**Work instruction**
The answer must be only the lines below from the one holding "Kickers Brown Mens Shoes" down to the one holding "EARNIE Shorts - WR Revolutional Flowers", ends included, printed exactly; please omit all pictures.

:: Data shown

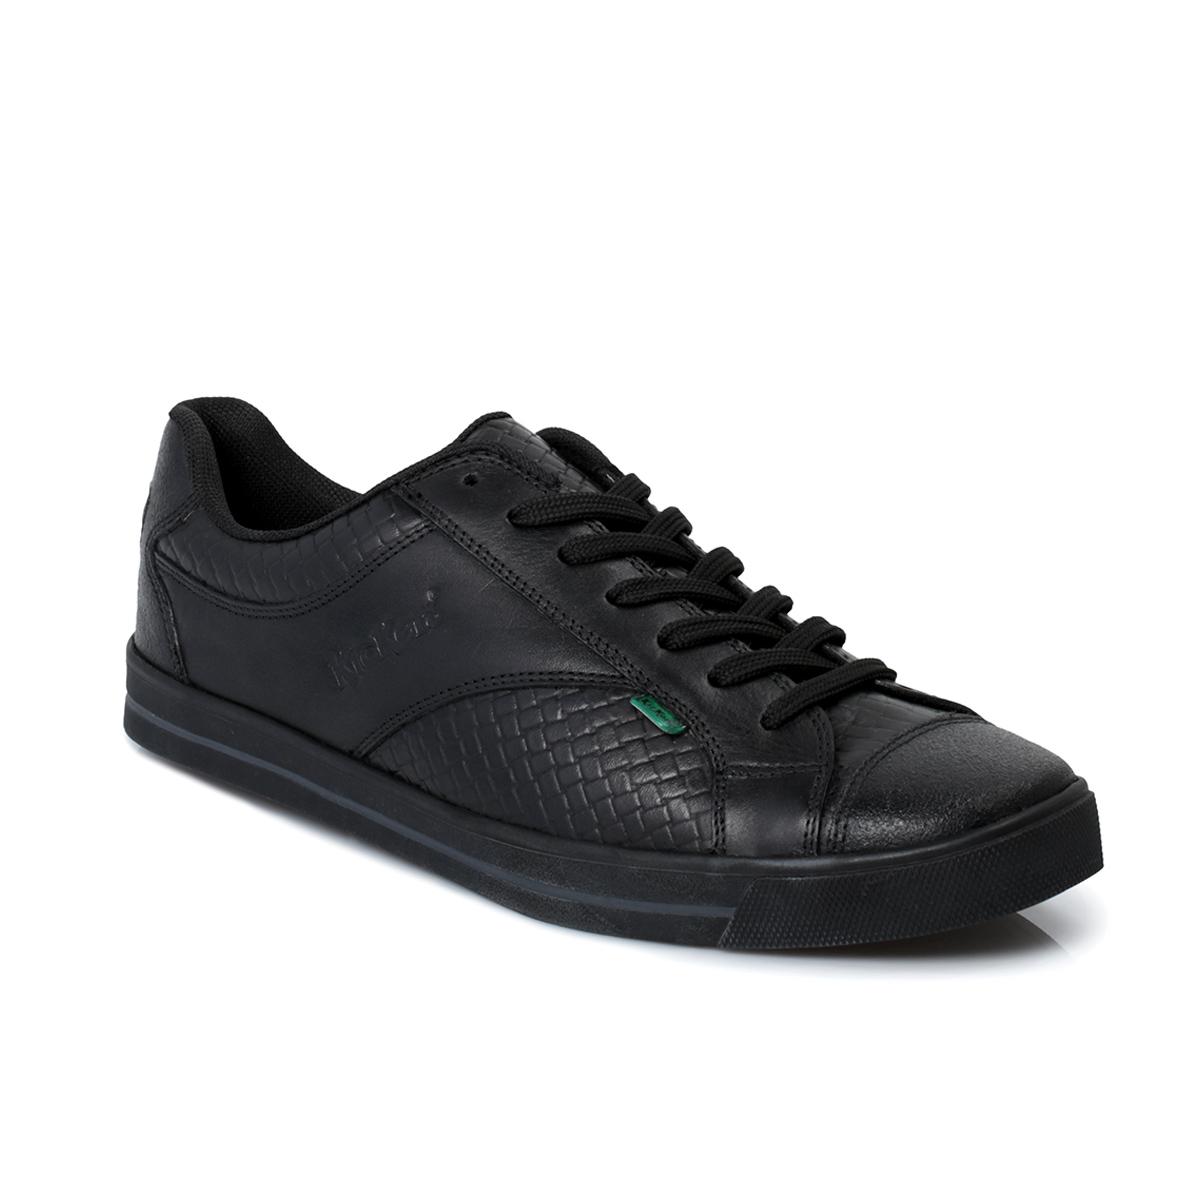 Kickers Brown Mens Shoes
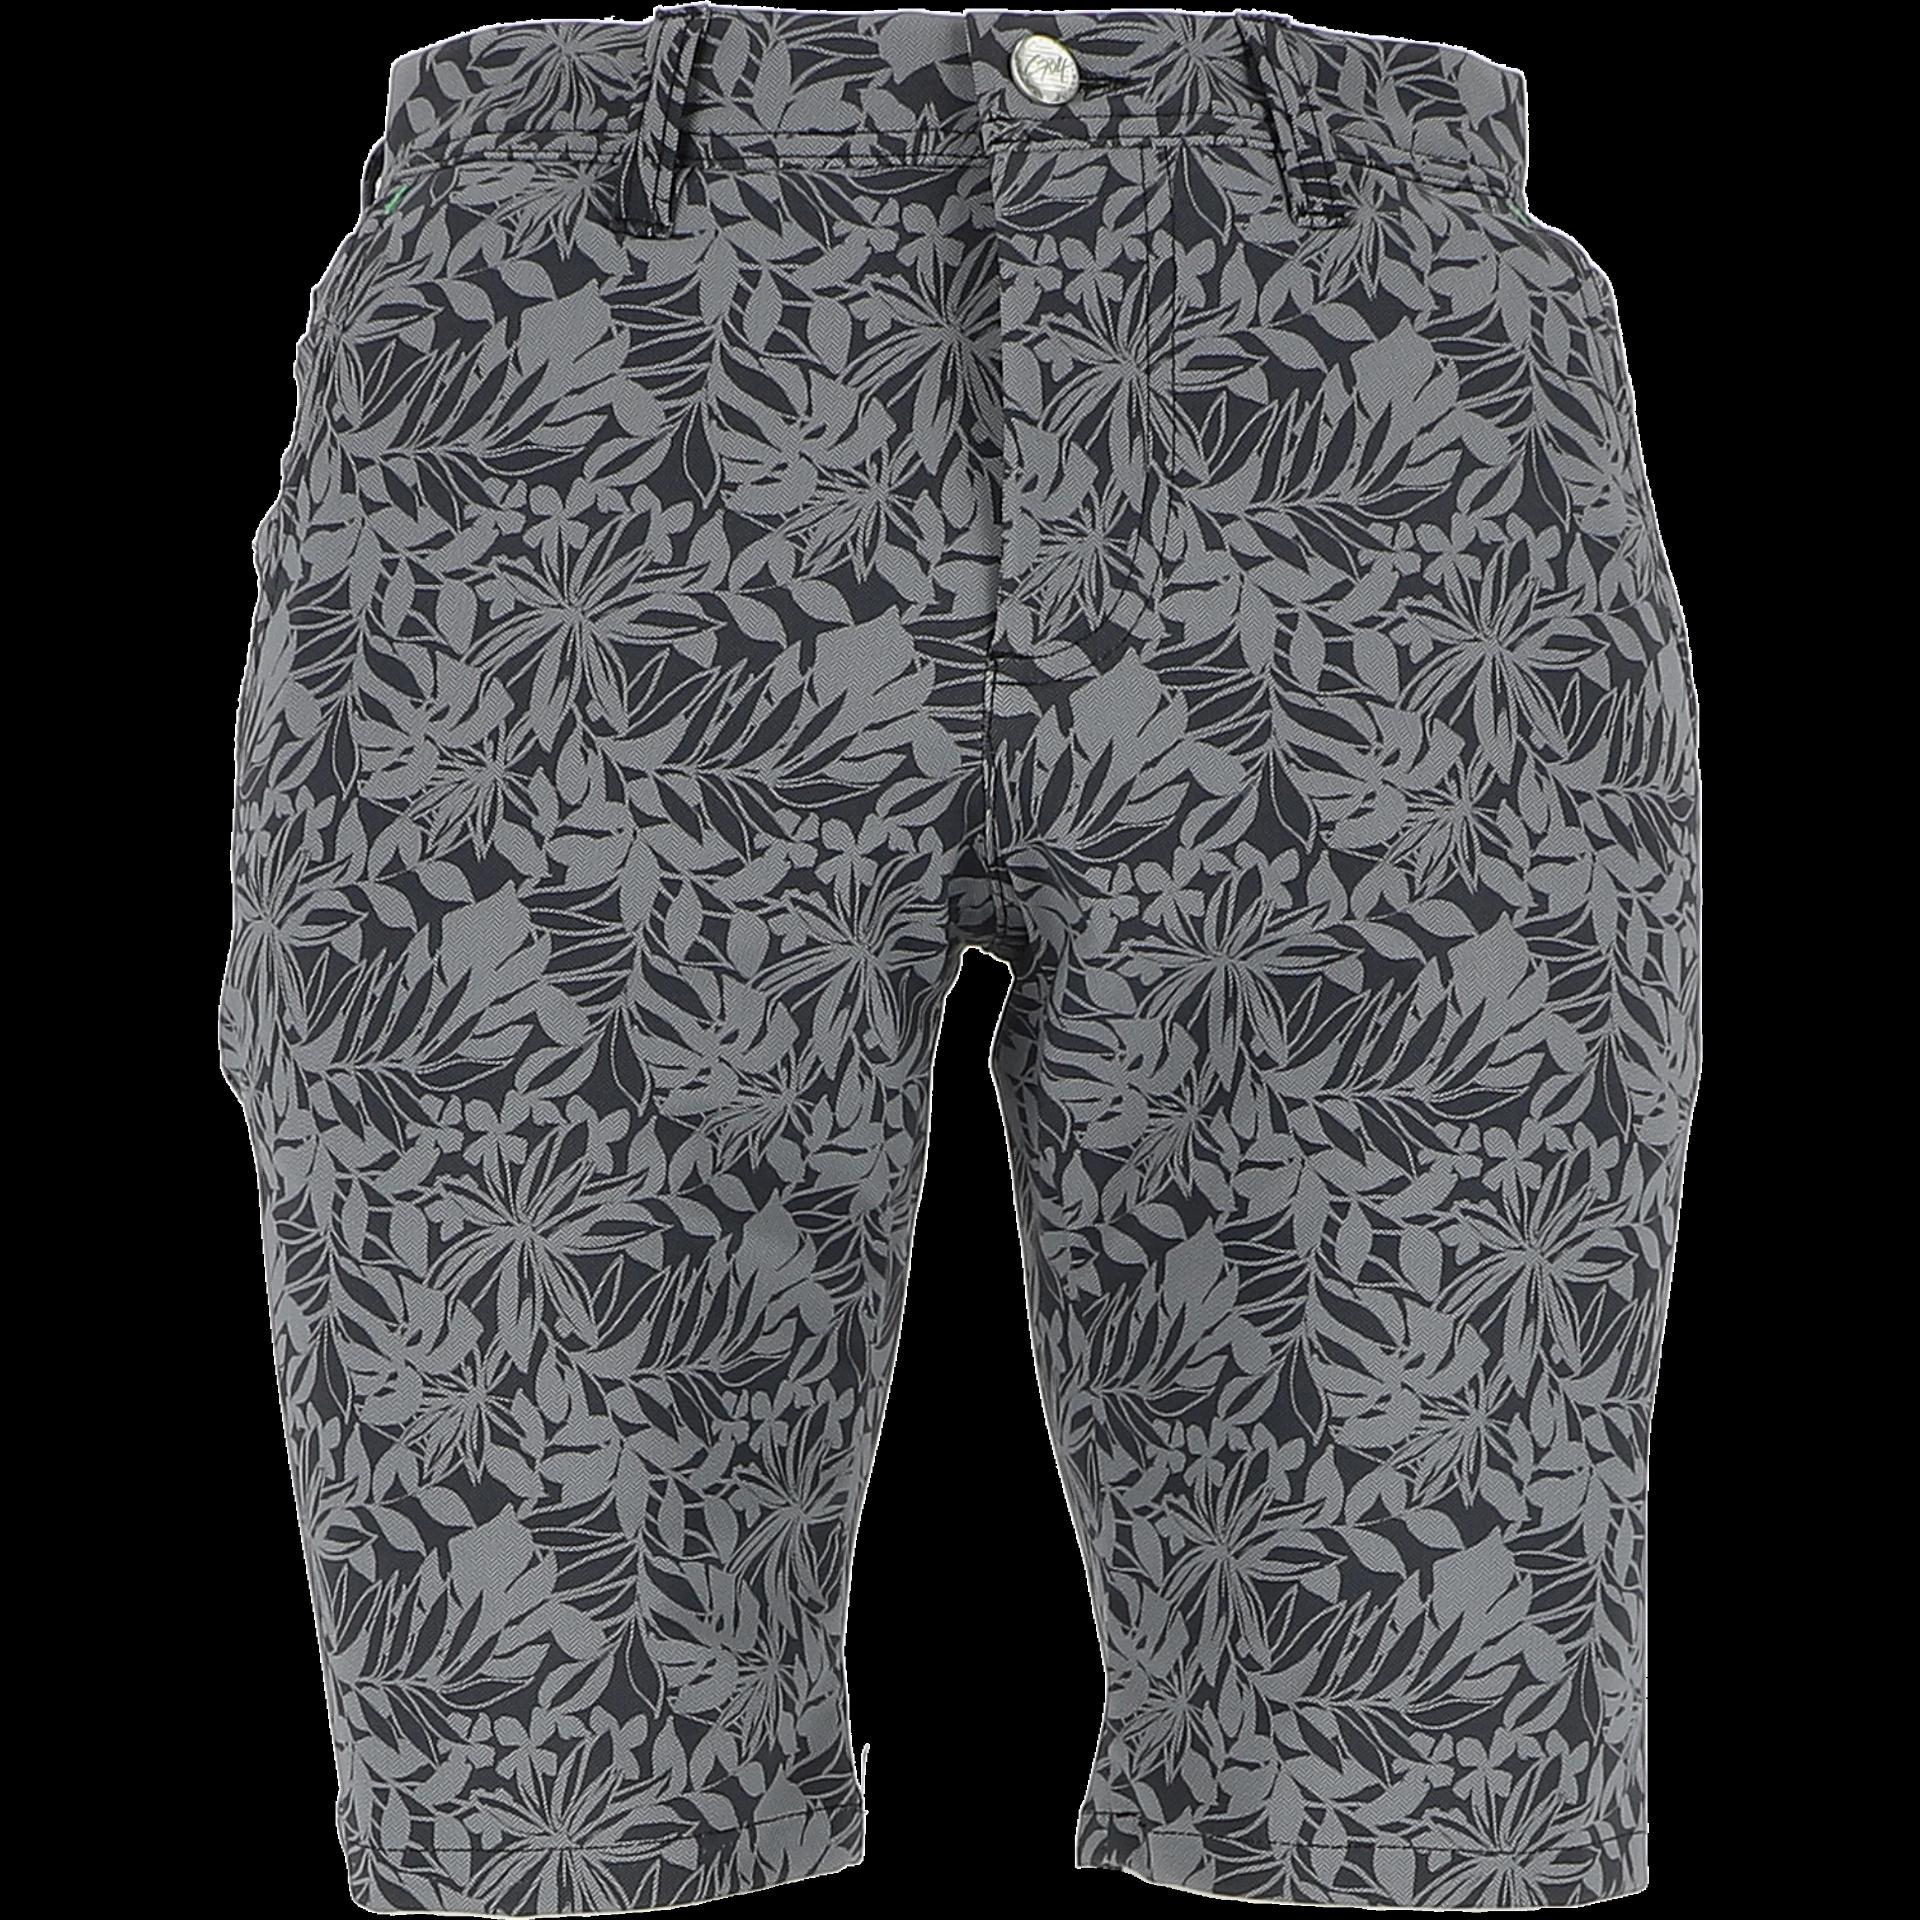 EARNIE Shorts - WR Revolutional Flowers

::::
:: Data shown

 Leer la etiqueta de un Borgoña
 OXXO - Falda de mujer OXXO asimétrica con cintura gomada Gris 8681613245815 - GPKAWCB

::::
:: Data shown

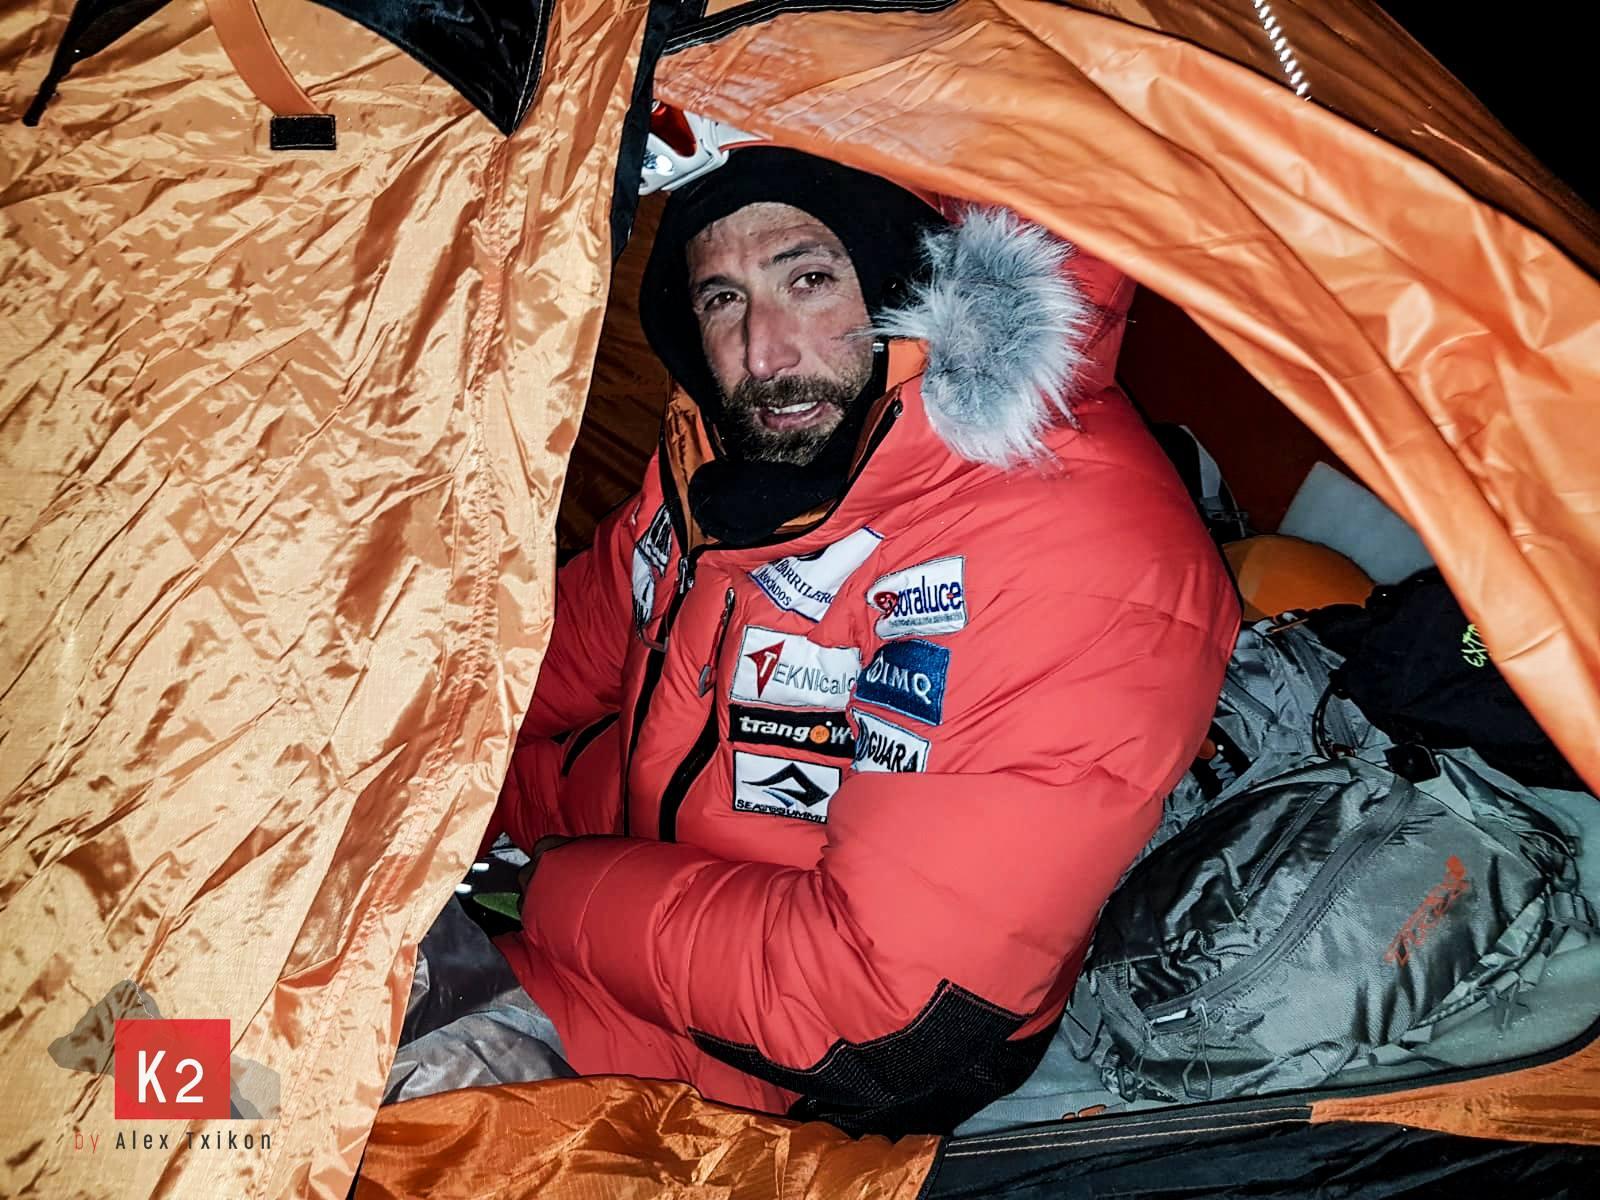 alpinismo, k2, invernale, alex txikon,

::::

**Problem solution**
 Kickers Brown Mens Shoes
 EARNIE Shorts - WR Revolutional Flowers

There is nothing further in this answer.